Gene: MRPL50
Official Full Name: mitochondrial ribosomal protein L50provided by HGNC
Gene Summary: Mammalian mitochondrial ribosomal proteins are encoded by nuclear genes and help in protein synthesis within the mitochondrion. Mitochondrial ribosomes (mitoribosomes) consist of a small 28S subunit and a large 39S subunit. They have an estimated 75% protein to rRNA composition compared to prokaryotic ribosomes, where this ratio is reversed. Another difference between mammalian mitoribosomes and prokaryotic ribosomes is that the latter contain a 5S rRNA. Among different species, the proteins comprising the mitoribosome differ greatly in sequence, and sometimes in biochemical properties, which prevents easy recognition by sequence homology. This gene encodes a putative 39S subunit protein and belongs to the L47P ribosomal protein family. Pseudogenes corresponding to this gene are found on chromosomes 2p, 2q, 5p, and 10q. [provided by RefSeq, Jul 2008]

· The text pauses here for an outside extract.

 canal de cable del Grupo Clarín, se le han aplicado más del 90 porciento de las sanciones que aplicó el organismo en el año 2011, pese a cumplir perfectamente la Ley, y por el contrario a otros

Catalog Number | Product Name | Species | Gene | Passage ratio | Mycoplasma testing | Price |
---|---|---|---|---|---|---|
KO04589 | MRPL50 Knockout cell line (HeLa) | Human | MRPL50 | 1:3~1:6 | Negative | Online Inquiry |
KO04590 | MRPL50 Knockout cell line (HCT 116) | Human | MRPL50 | 1:2~1:4 | Negative | Online Inquiry |
KO04591 | MRPL50 Knockout cell line (HEK293) | Human | MRPL50 | 1:3~1:6 | Negative | Online Inquiry |
KO04592 | MRPL50 Knockout cell line (A549) | Human | MRPL50 | 1:3~1:4 | Negative | Online Inquiry |
MRPL50 Gene Knockout Cell Lines are specially engineered cell lines that possess a targeted ablation of the mitochondrial ribosomal protein L50 (MRPL50) gene. This gene is integral to mitochondrial ribosome function and protein synthesis, and its knockout allows researchers to elucidate the crucial role that mitochondrial protein synthesis plays in cellular metabolism, energy production, and apoptosis. The effective deletion of MRPL50 can be achieved through CRISPR/Cas9 technology, providing a precise tool for studying gene function and the downstream effects of mitochondrial dysfunction.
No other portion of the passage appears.